Pia: The platform teams did not think they were accountable for the adoption of their products. So it was like both starting to take accountable for adoption and. That would lead to going out there to the customers, actually sitting there, onboarding them, migrating them. And we had this mantra that we still have.

And it’s still a part of our, our main engineering practices, uh, for the platform mission, which we called the platform takes the pain. It really helped us actually, because it’s short and snappy and everyone knew. What that really means, because it’s tedious to migrate someone off a Jenkins to another CI engine.

This is not sort of the lovely ivory tower work that maybe some platform teams had loved doing. Deep, deeply thinking about sort of orchestration and creating some fantastic product. But this is actually sort of going out there to some feature teams. 34, 50 feature teams. And sitting with them, and helping them, because they have different challenges, all of them.

Adam: No two teams were alike. These weren’t cookie cutter migrations. This was custom, hands on build work. But the Pipe Dream team leaned into the grind. They took pride in taking on the pain of each migration.

Pia: I remember this one team we went to, and we actually sat there with these engineers. It was only two from this other squad.

They were like… You start asking some really great questions like okay, how would that work and how are we gonna do this and okay So if you do that, then I can do here and like, okay, just get it done. Let’s get it done. Sounds good Okay, good. Let’s go.

Migrating CI

Adam: This was the total opposite of the pushback They’d expected and it kept happening as they met with more and more teams It turned out the big resistance wasn’t coming from the feature teams.

Those teams were open to change as long as it helped them ship features faster.

Pia: Because the platform teams are the teams that really care about the infra. So they wouldn’t have wanted to have an infrastructure solution, uh, being sort of asked of them to, to comply with, because they really care about these things, but a team in e commerce platform, in user platform, in the playlist platform, they care about other things way more than what CI infrastructure they are running on.

So it was like a lack of customer awareness or understanding. Had we known this earlier, I think this move would have been enabled way faster and way earlier, much longer before I joined.

Adam: This was a big realization. The autonomy that teams valued, it wasn’t about specific technologies or workflows. It was about owning their work, having the freedom to build the stuff that mattered.

Not owning CI was fine, as long as it didn’t mess with their ability to ship things. Once Pipedream got this, it was a lightbulb moment and they realized that most engineering teams would embrace any changes that remove friction from their lives. This gave Pia hope that with the right approach, she could rally the teams around a shared mission to work better together.

But first, they had the six month deadline. Lots of Jenkins files to write. And at Spotify, you don’t want to be a bottleneck. You can’t slow people down. So they had to make sure that all their changes rolled out smoothly.
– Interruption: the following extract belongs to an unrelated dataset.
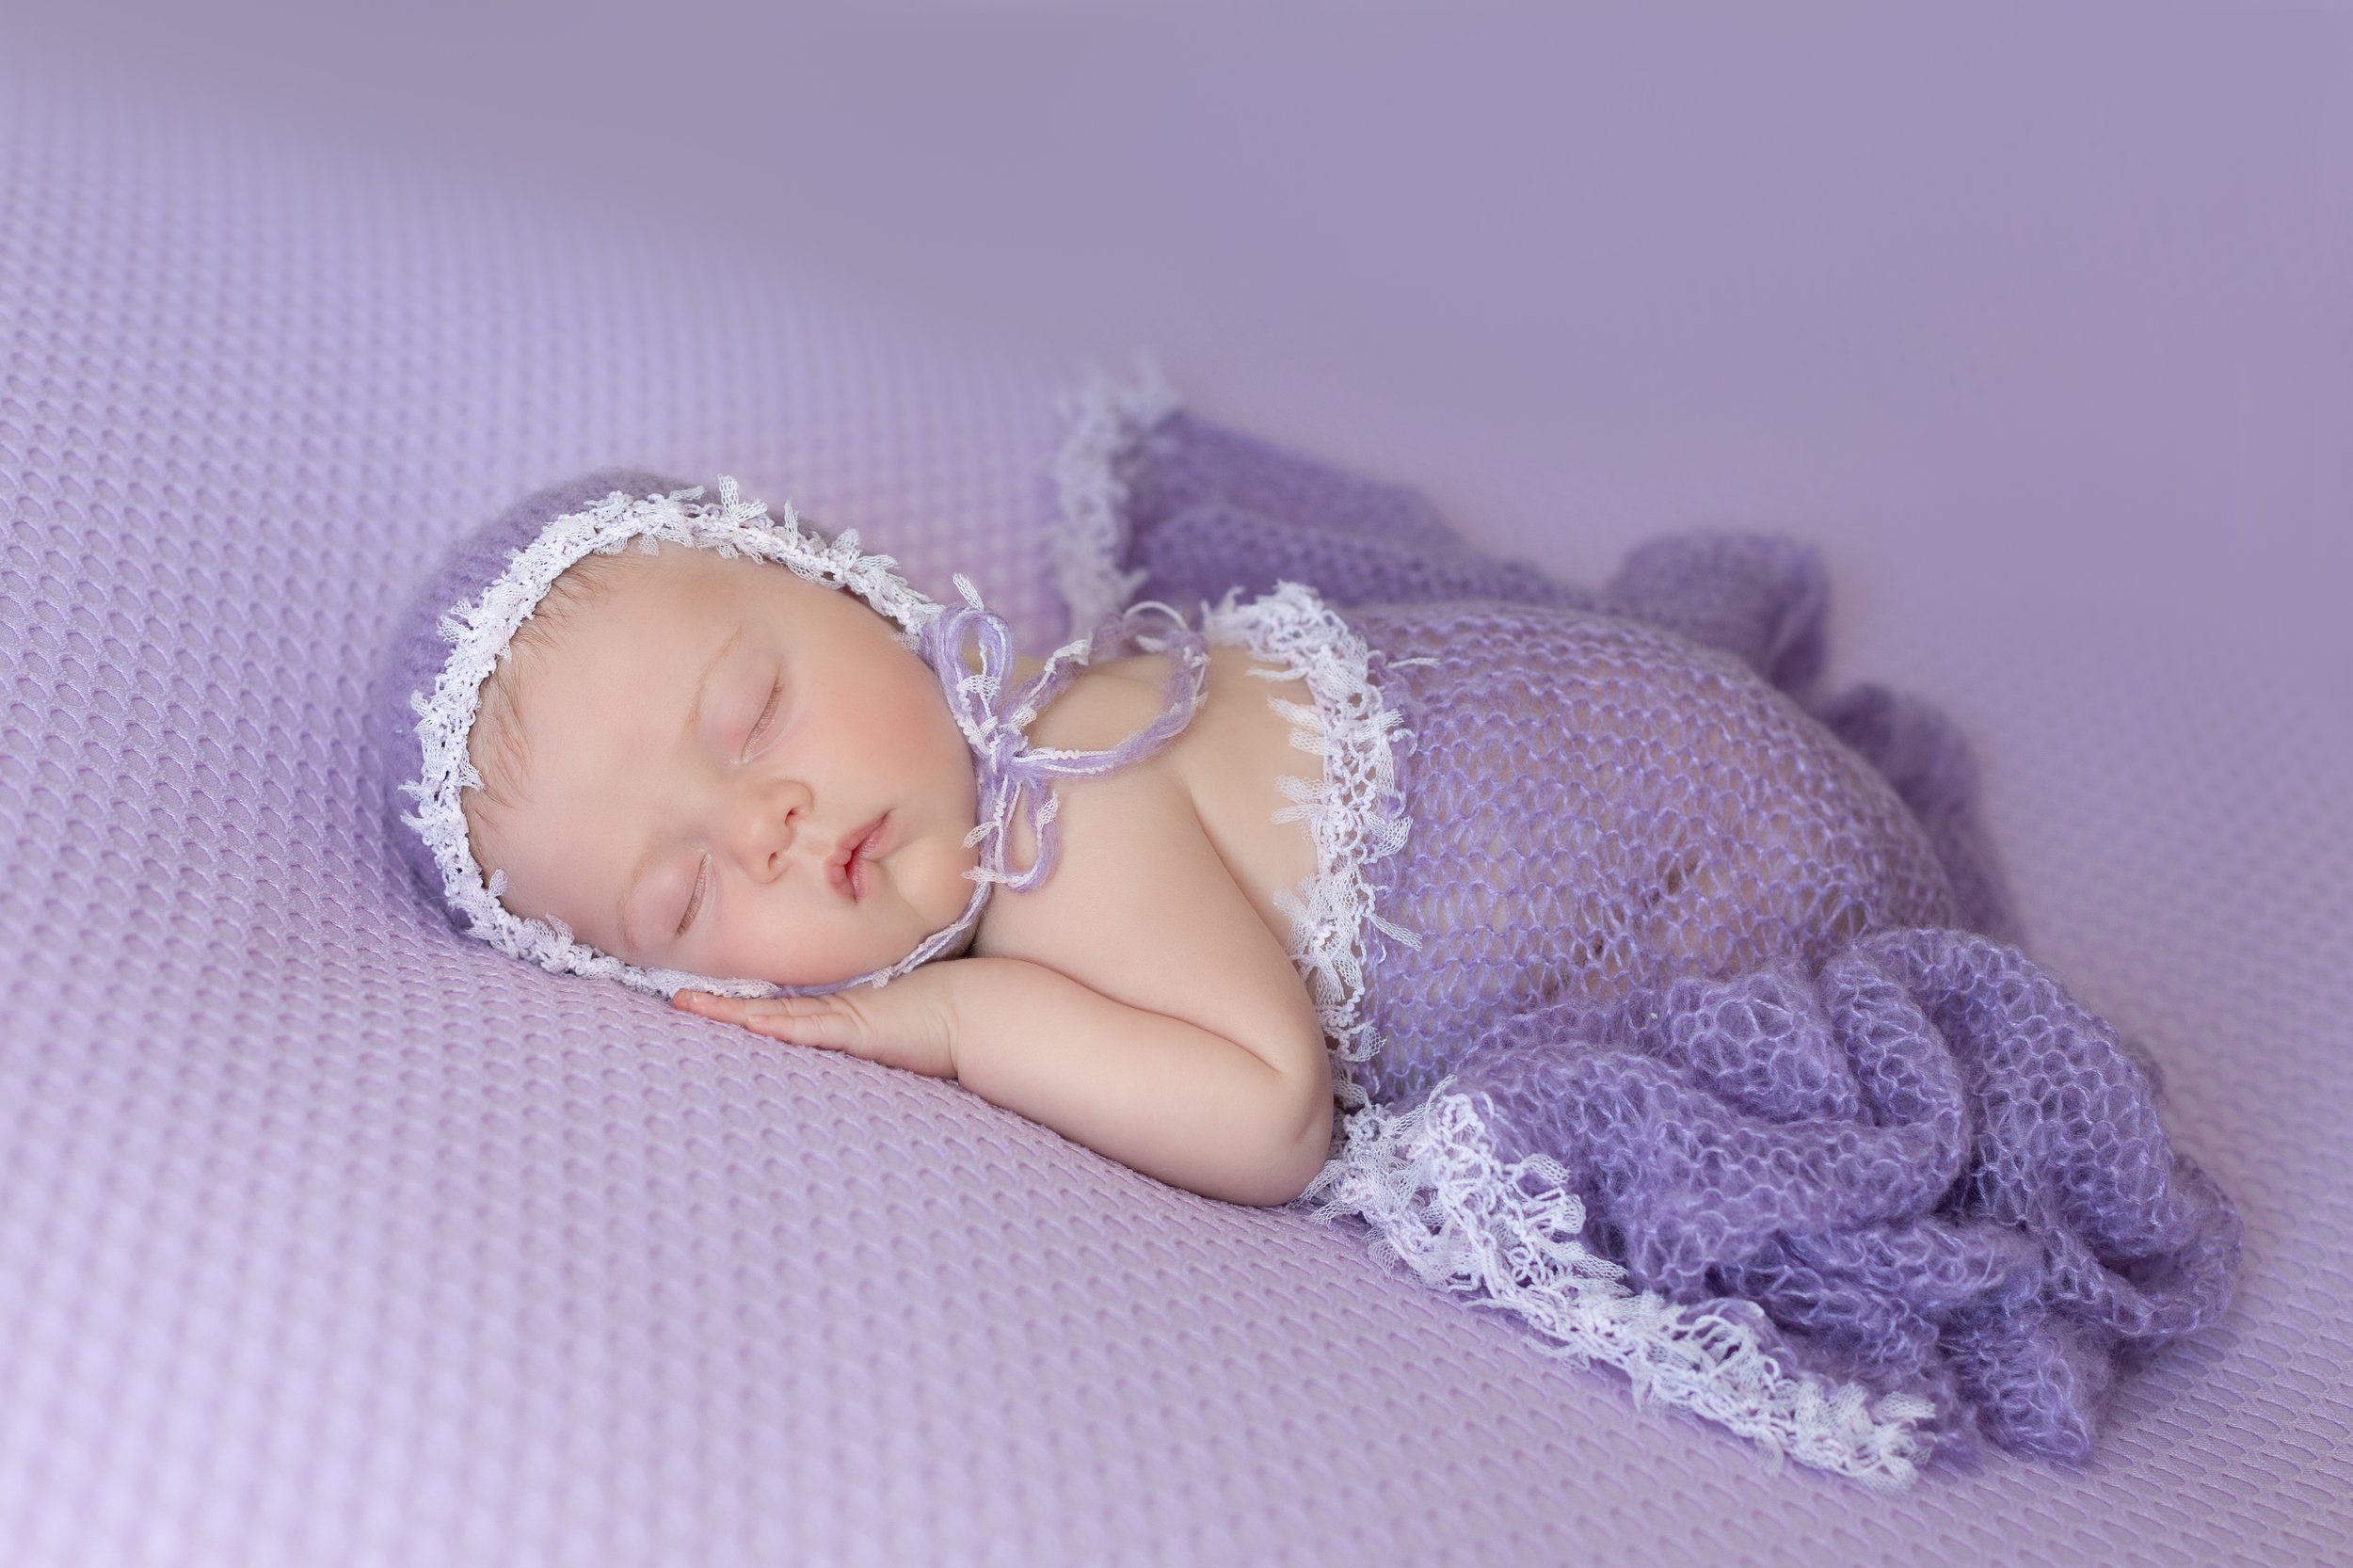 baby photo of girl wearing frilly bonnet covered in a blanket
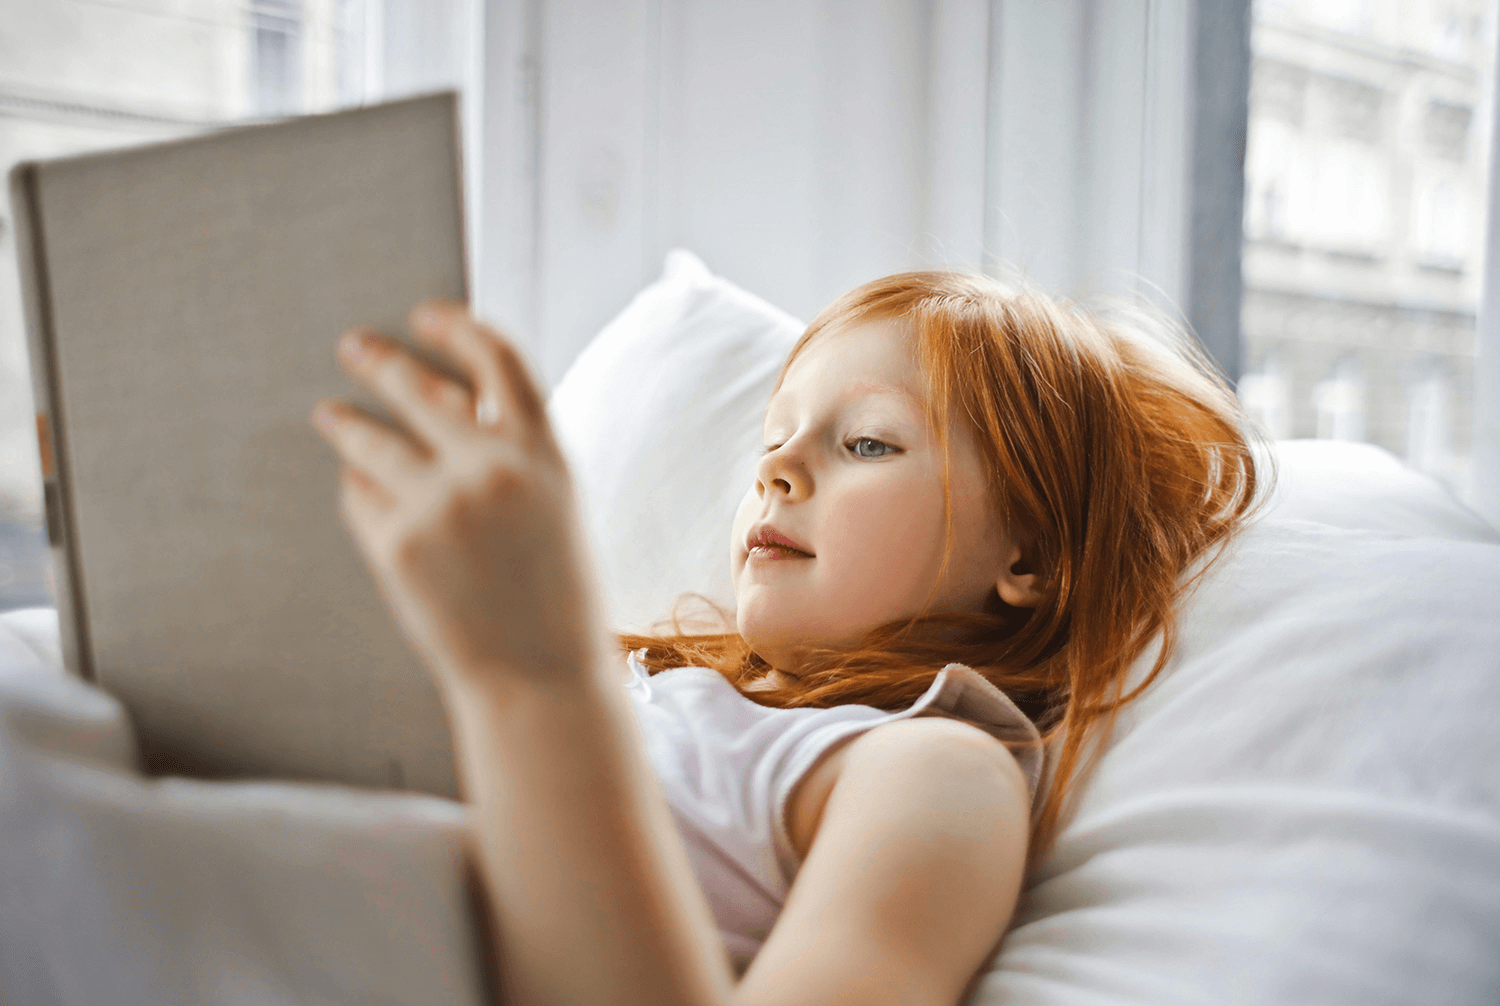 A girl reading a book while lying on a bed.

Pia: So the toughest thing with this migration was that there were so many Jenkins instances.

And you can imagine around 300 teams that were impacted. So the scale of reaching all of these critical pipelines, actually migrating them. That was one of the biggest challenges. The second one was the build templates differed so much. There was no standardization on the build templates, which makes it very hard to actually build them.

However, we, we figured out we’re going to just containerize the builds. So that was the solution for building very custom build templates.

The Transformation of Pia’s Team

Adam: Through all this work, Pipedream transformed their thinking. Platform takes the pain? Yes. But Platform also cares about their customers. Platform understands their customers.

Platform cares about impact. These ideas started to spread.

Pia: There was no moment, I can remember at least, where someone said, like, right now we’re gonna move into, uh, team ownership of, uh, adoption for all your products, Platform folks. It just happened gradually, as I think people were… Seeing more and more that it actually works to own adoption.

It’s also a matter of like, how do you define success in your organization? Right. We started celebrating. When, when teams reached high adoption of their products, and we also tried to move the flywheel by celebrating successes.

Adam: This let Platform rethink some things. Yes, they didn’t want to be top down, they didn’t want to be corporate, but maybe they were wrong about autonomy.

Pia: Where is the autonomy really? We started to learn how to nuance that understanding because autonomy has to do with impact. We’re not interested in being all alone in a room being autonomous. That’s useless. When we say autonomy in the engineering industry, right, we mean actually impact. So I think for the platform teams, this autonomy word.

Started to be equal to, okay, if I actually own the adoption of my tool, I have more impact. And if I don’t own adoption of my tool, I don’t actually have much impact. And that doesn’t, it doesn’t really matter if I am autonomous.

Adam: This change shifted the team. They went from ivory tower architects, dreaming up theoretical solutions, customer focused engineers.

Pia: Because we really weren’t customer oriented at all when I joined. Nobody had asked the engineers to be customer oriented. It wasn’t that they didn’t want to, they, nobody had thought about it basically. But this owning your own adoption, they have to become and they will become customer oriented because they’re gonna go out there and fix that adoption.

The Deadline and The Small Popes

Adam: So did you hit your six month deadline to get everybody? We did.

Pia: You did. Look. Yes. It was a success story. And the IPO happened in 2018, I think, April or so. It was a, it was a massive success. And the CI challenge was solved through this containerization of the build templates, which really helped us control all CI where we had to comply.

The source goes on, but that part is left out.